Everything below from the line with "Close up portrait" through the line with "New Summer Classic: Light" must be retyped exactly, except the pictures.

◆ Task data ◆
-*-
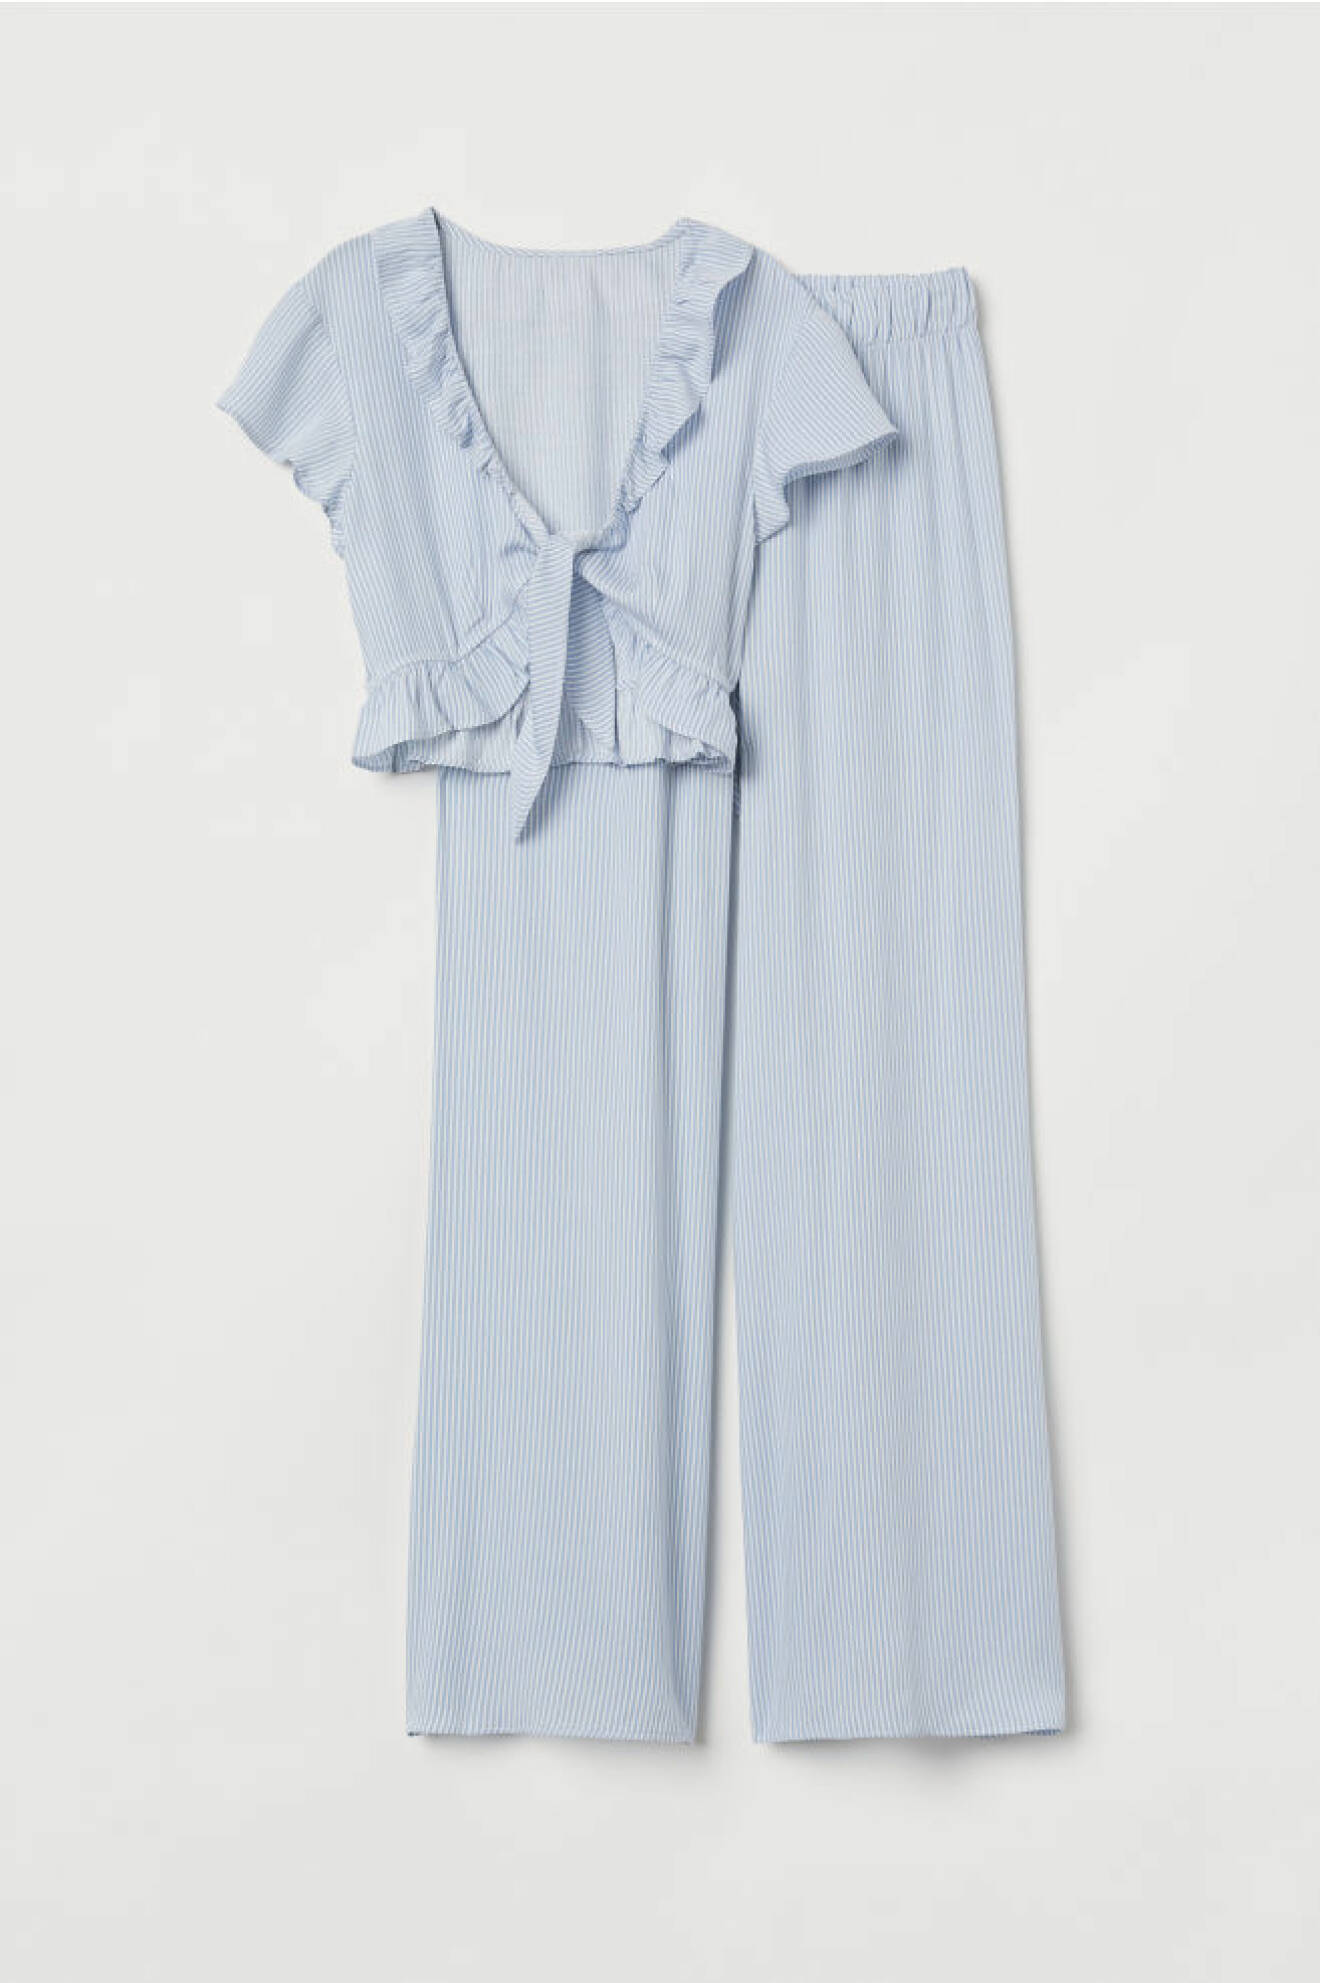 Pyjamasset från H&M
-*-
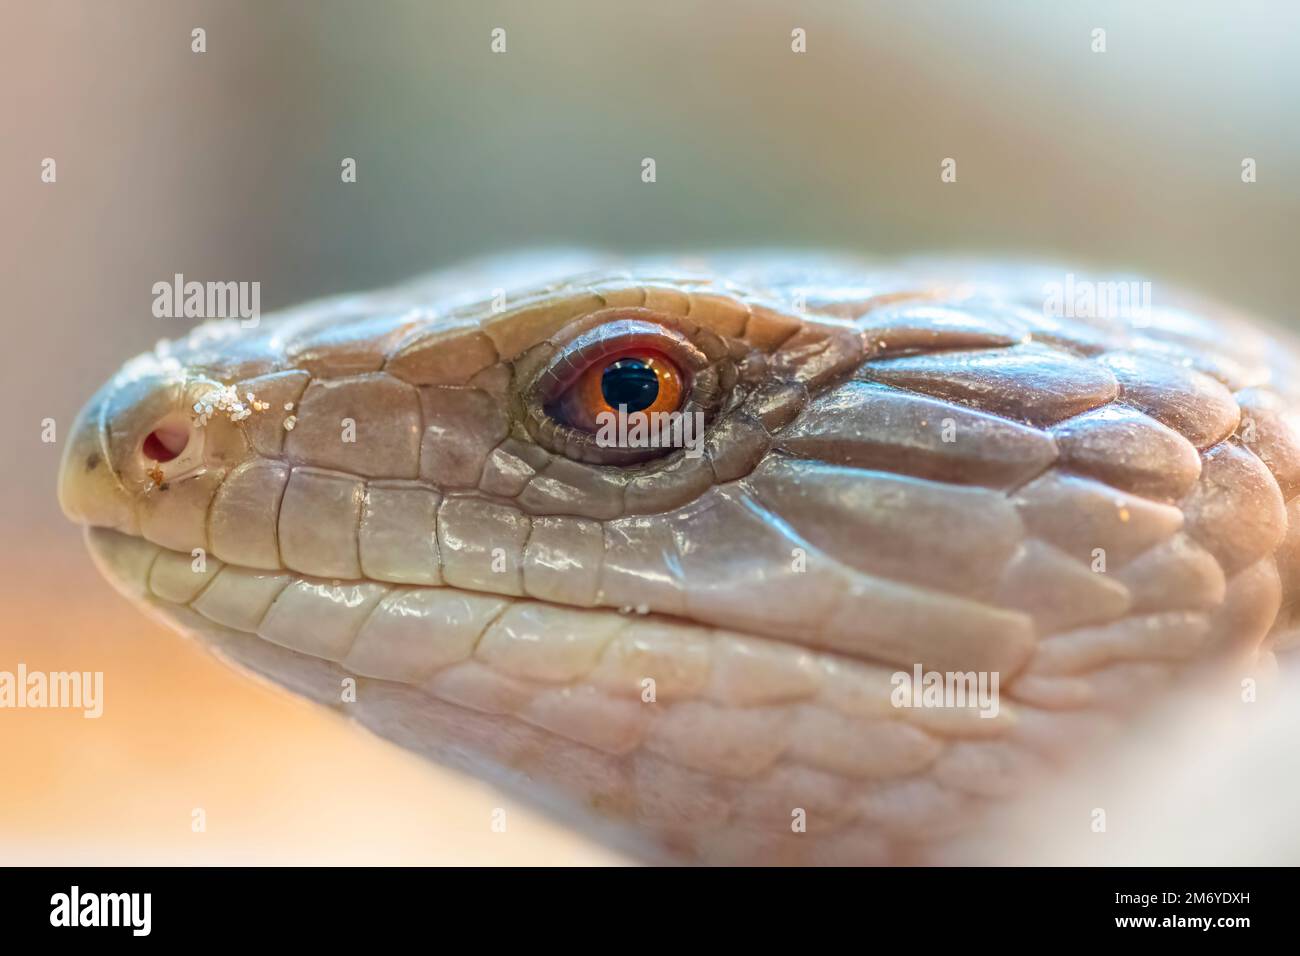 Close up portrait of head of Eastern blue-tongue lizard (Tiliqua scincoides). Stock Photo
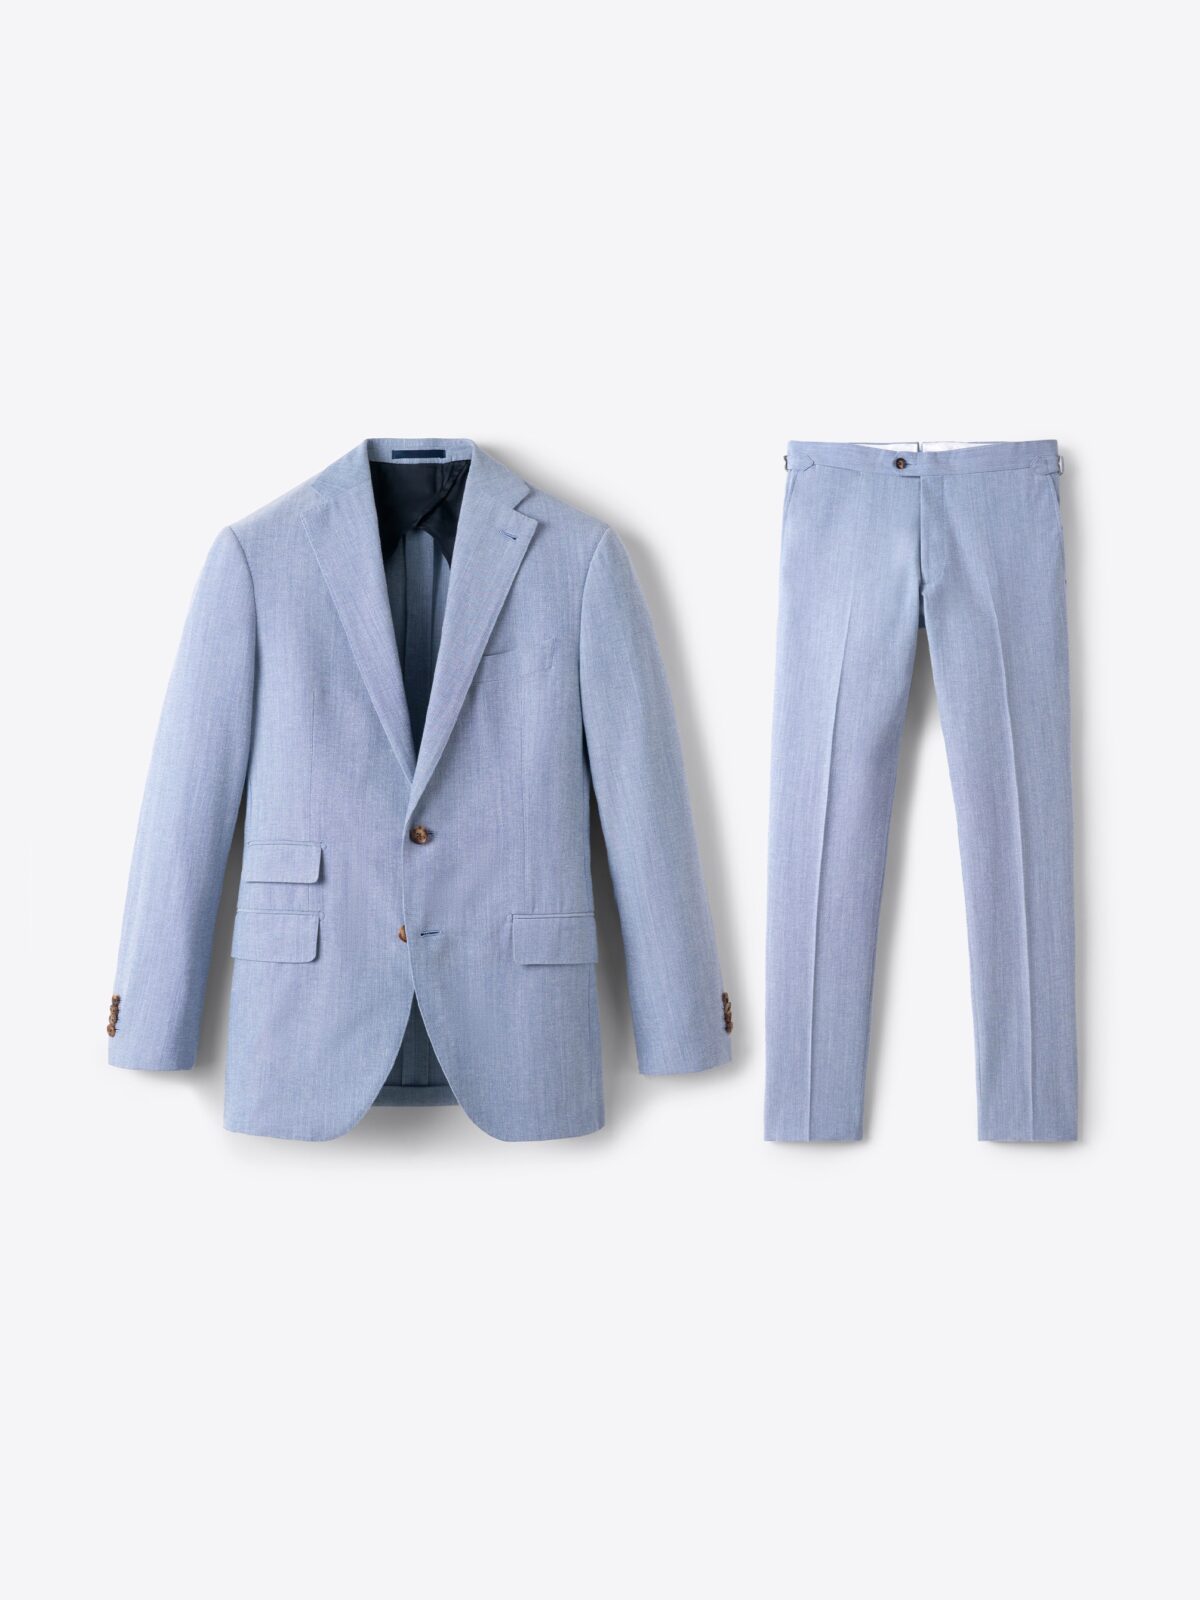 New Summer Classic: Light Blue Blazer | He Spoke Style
-*-
◆ Problem solution ◆
 Close up portrait of head of Eastern blue-tongue lizard (Tiliqua scincoides). Stock Photo
 New Summer Classic: Light Blue Blazer | He Spoke Style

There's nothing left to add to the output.